▸ **Directions**
Omitting all pictures, print the lines of the listing from the one containing "Muslims celebrate Eid, call for co-existence" through the final line, both ends included, with no other text.

Segment Start: Data shown

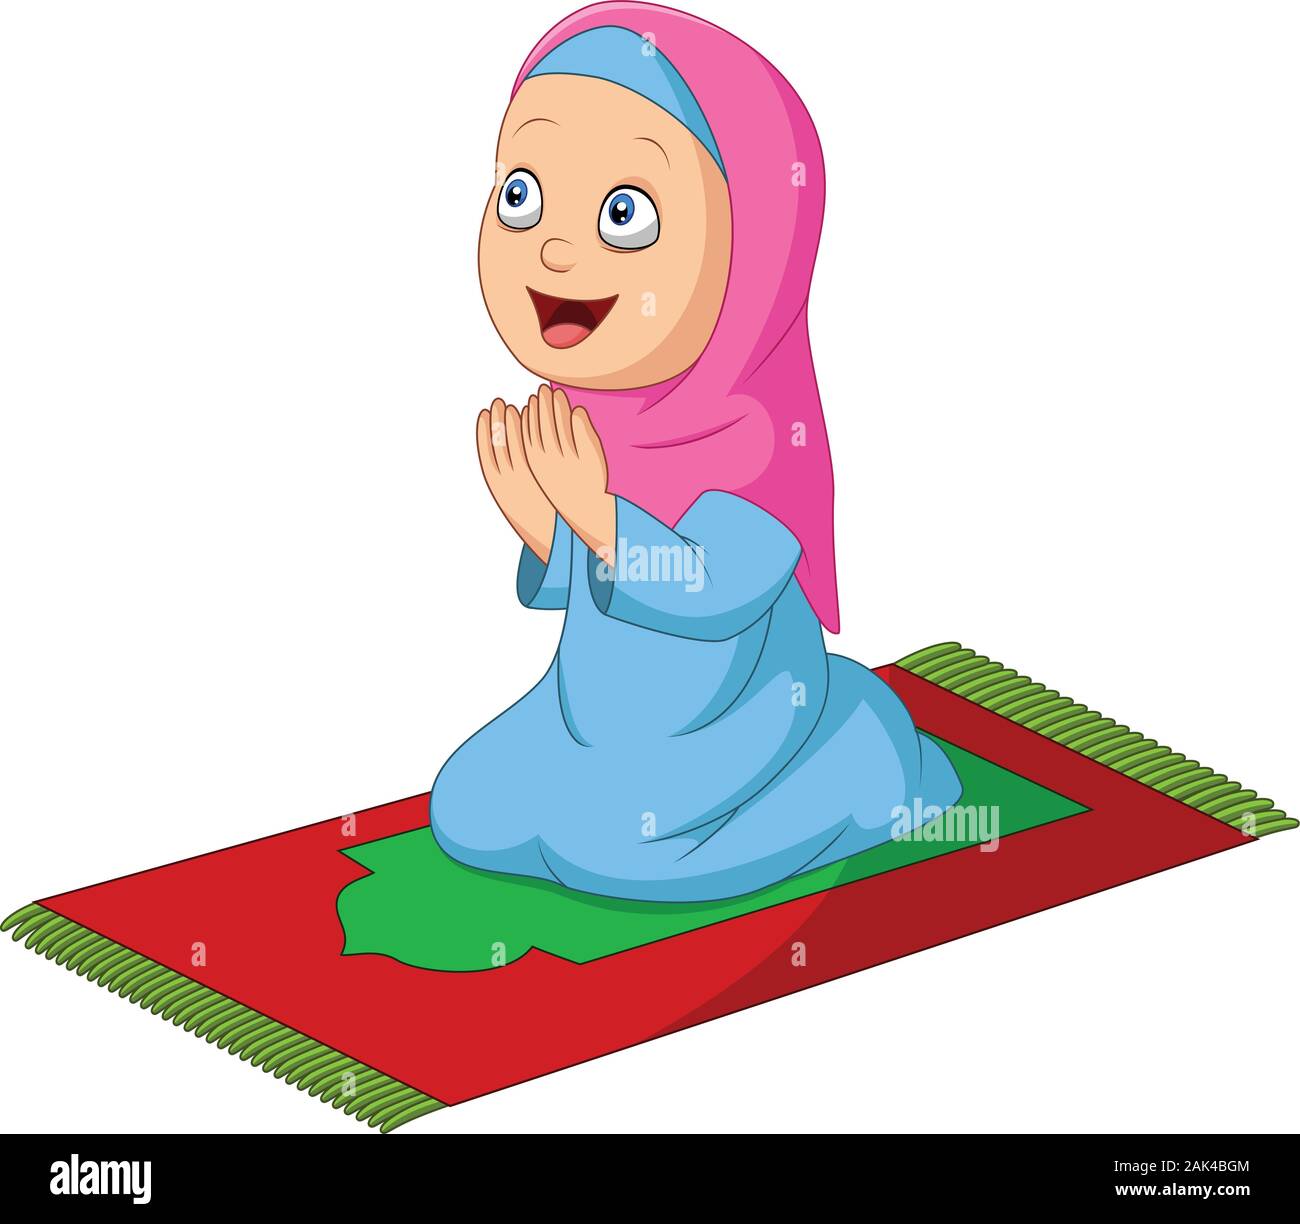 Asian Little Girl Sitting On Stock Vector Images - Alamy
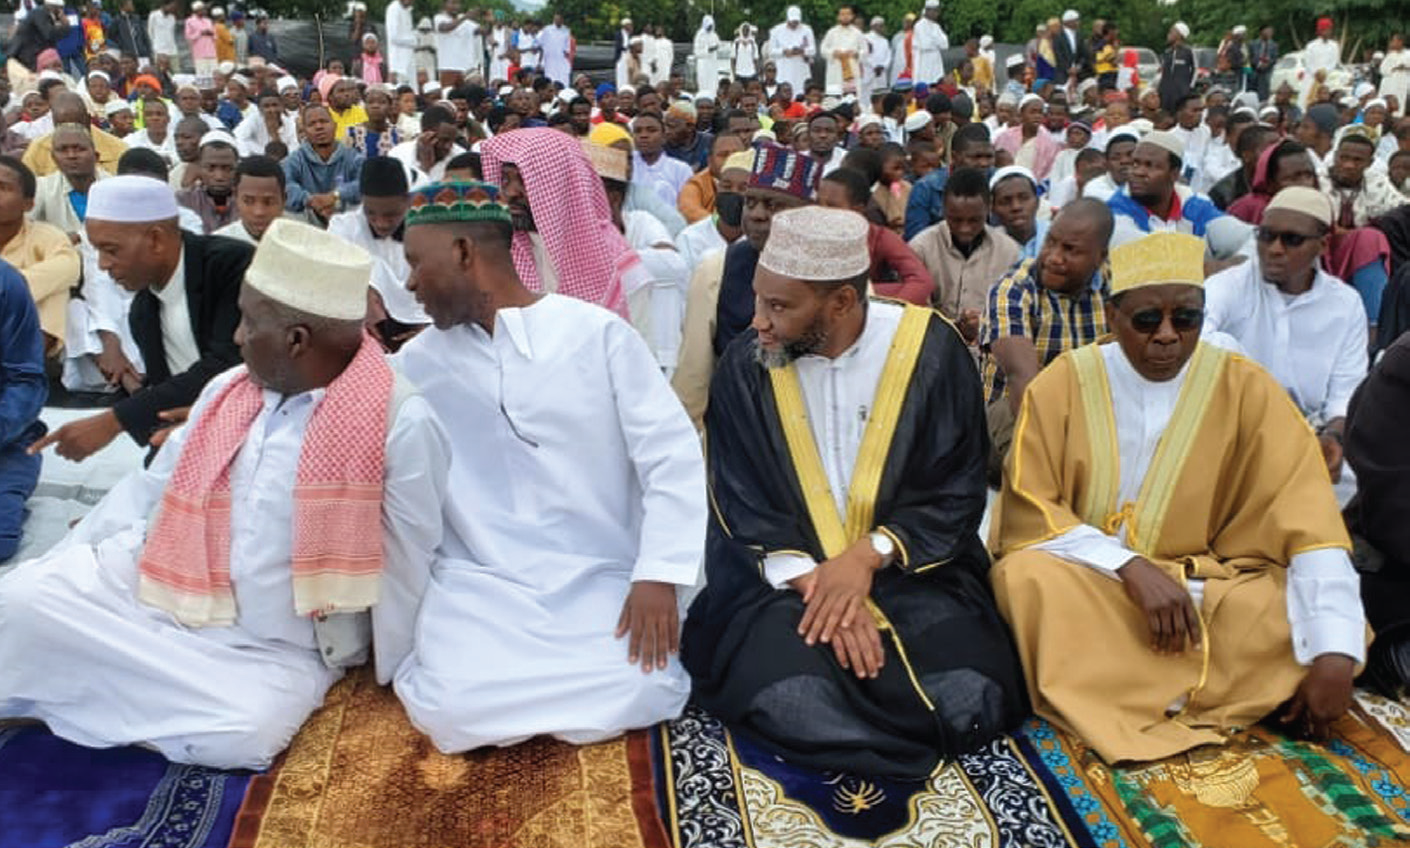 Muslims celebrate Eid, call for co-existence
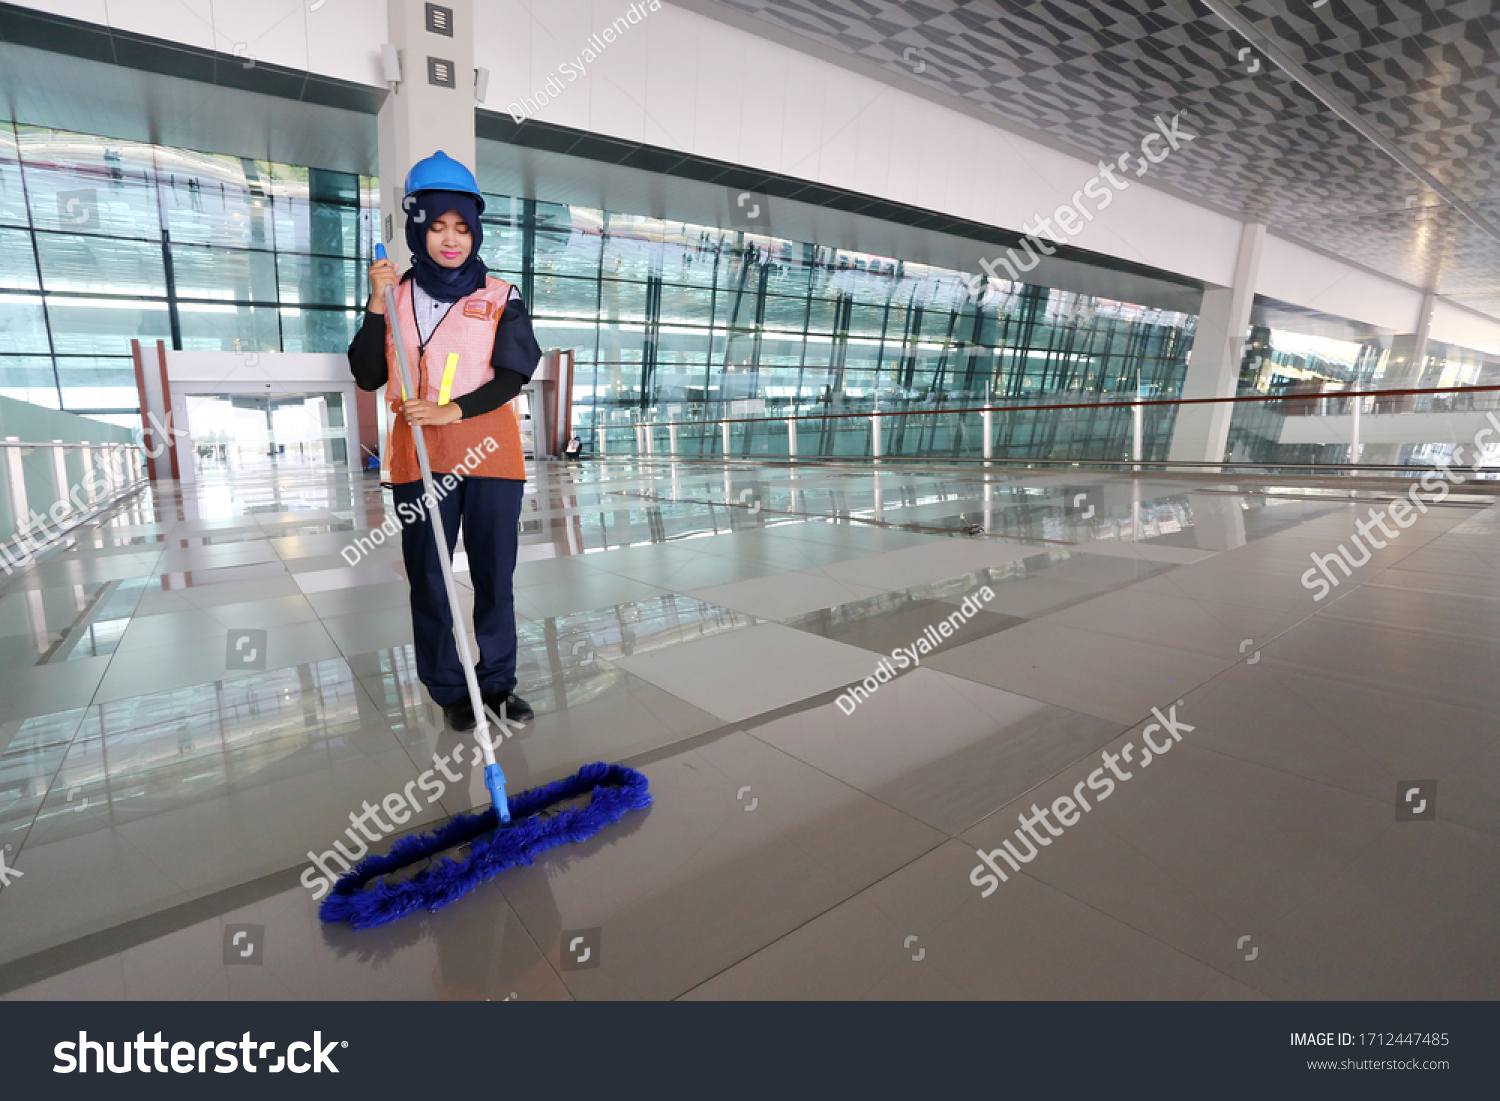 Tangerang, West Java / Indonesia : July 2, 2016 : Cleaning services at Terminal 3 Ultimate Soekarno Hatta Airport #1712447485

Segment End: Data shown

▸ **Written response**
 Muslims celebrate Eid, call for co-existence
 Tangerang, West Java / Indonesia : July 2, 2016 : Cleaning services at Terminal 3 Ultimate Soekarno Hatta Airport #1712447485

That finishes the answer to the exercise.